7. REGISTRATION OF SECURITIES
Except as otherwise directed by an officers' certificate, Custodian
shall register all securities, except such as are in bearer form, in the name of
a registered nominee of Custodian as defined in the Internal Revenue Code and
any Regulations of the Treasury Department issued hereunder or in any provision
of any subsequent federal tax law exempting such transaction from liability for
stock transfer taxes, and shall execute and deliver all such certificates in
connection therewith as may be required by such laws or regulations or under the
laws of any state. Custodian shall use its best efforts to the end that the
specific securities held by it hereunder shall be at all times identifiable in
its records.
The Trust shall from time to time furnish to Custodian appropriate
instruments to enable Custodian to hold or deliver in proper form for transfer,
or to register in the name of its registered nominee, any securities which it
may hold for the account of the Trust and which may from time to time be
registered in the name of the Trust.
8. VOTING AND OTHER ACTION
-4-
Neither Custodian nor any nominee of Custodian shall vote any of the
securities held hereunder by or for the account of the Trust, except in
accordance with the instructions contained in an officers' certificate.
Custodian shall deliver, or cause to be executed and delivered, to the Trust all
notices, proxies and proxy soliciting materials with relation to such
securities, such proxies to be executed by the registered holder of such
securities (if registered otherwise than in the name of the Trust), but without
indicating the manner in which such proxies are to be voted.
9. TRANSFER TAX AND OTHER DISBURSEMENTS
The Trust shall pay or reimburse Custodian from time to time for any
transfer taxes payable upon transfers of securities made hereunder, and for all
other necessary and proper disbursements and expenses made or incurred by
Custodian in the performance of this Agreement provided, however, no payments or
reimbursements shall be made for Custodian's normal operating overhead.
Custodian shall execute and deliver such certificates in connection
with securities delivered to it or by it under this Agreement as may be required
under the provisions of the Internal Revenue Code and any Regulations of the
Treasury Department issued thereunder, or under the laws of any state, to exempt
from taxation any exemptible transfers and/or deliveries of any such securities.
10. CONCERNING CUSTODIAN
Custodian shall be paid as compensation for its services pursuant to
this Agreement such compensation as may from time to time be agreed upon in
writing between the two parties. Until modified in writing, such compensation
shall be as set forth in Exhibit A attached hereto.

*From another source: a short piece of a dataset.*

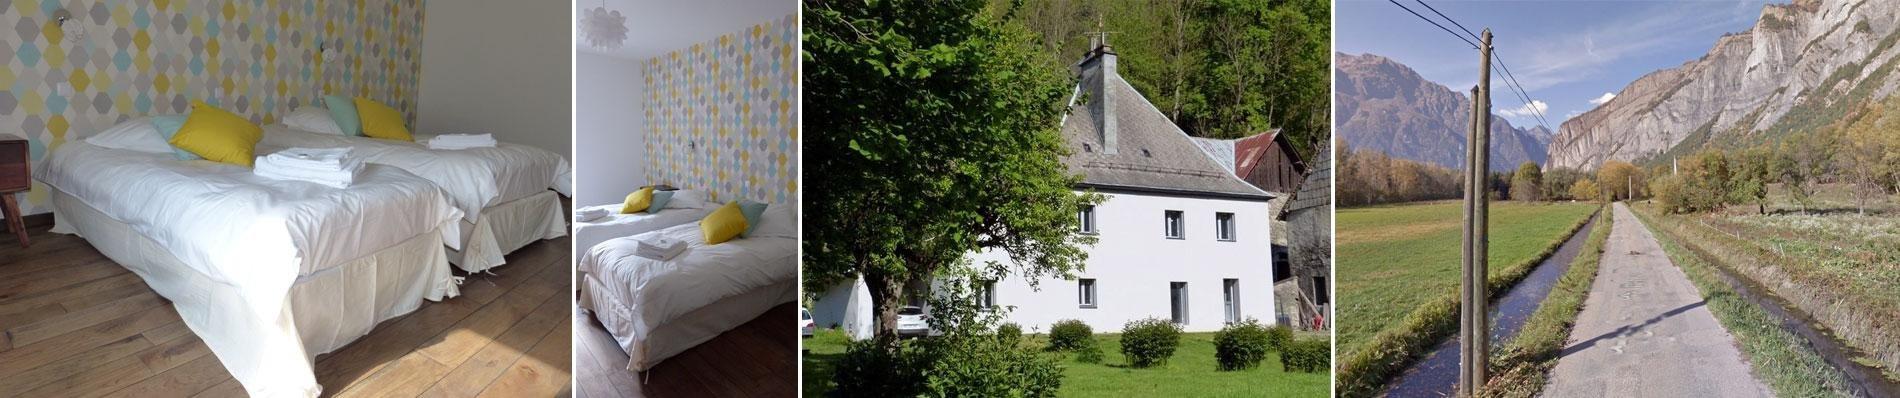 maison-manoir-isabelle-morand-alpe-d-huez
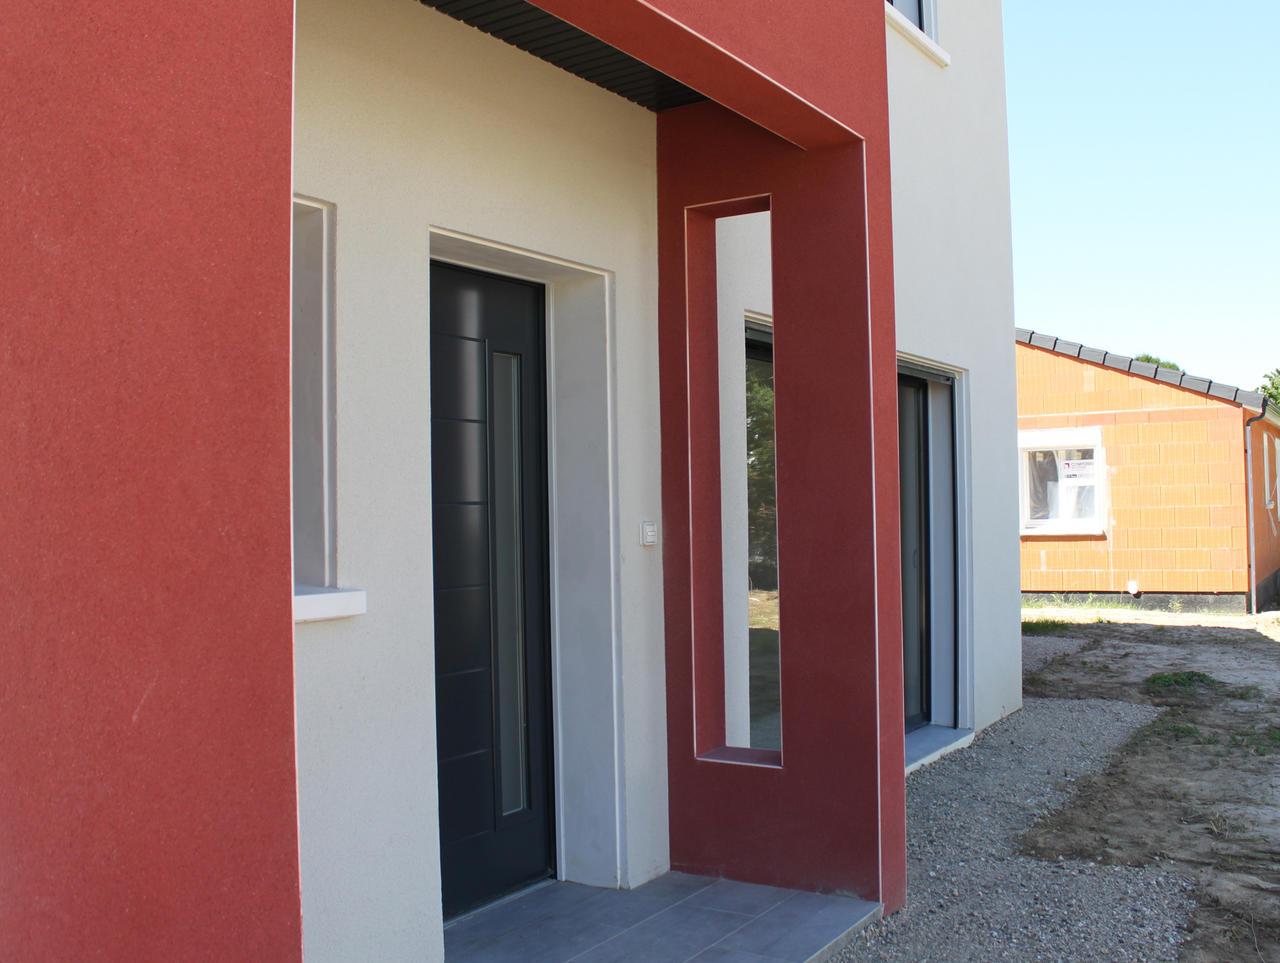 jeux de volumes et de couleurs pour cette p tillante maison familiale en plein centre du passage. Black Bedroom Furniture Sets. Home Design Ideas

Custodian shall not be liable for any action taken in good faith upon
any certificate herein described or certified copy of any resolution of the
Board, and may rely on the genuineness of any such document which it may in good
faith believe to have been validly executed.
The Trust agrees to indemnify and hold harmless Custodian and its
nominee from all taxes, charges, expenses, assessments, claims and liabilities
(including counsel fees) incurred or assessed against it or by its nominee in
connection with the performance of this Agreement, except such as may arise from
its or its nominee's own negligent action, negligent failure to act or willful
misconduct.
In the event of any advance of cash for any purpose made by Custodian
resulting from orders or instructions of the Trust, or in the event that
Custodian or its nominee shall incur
-5-
or be assessed any taxes, charges, expenses, assessments, claims or liabilities
in connection with the performance of this Agreement, except such as may arise
from its or its nominee's own negligent action, negligent failure to act or
willful misconduct. Assets in the amount of the taxes, charges, expenses,
assessments, claims, or liabilities shall be specifically identified and
segregated as collateral for these enumerated items as agreed upon by the Trust
and Custodian.
Custodian agrees to indemnify and hold harmless Trust from all
charges, expenses, assessments, and claims/liabilities (including counsel fees)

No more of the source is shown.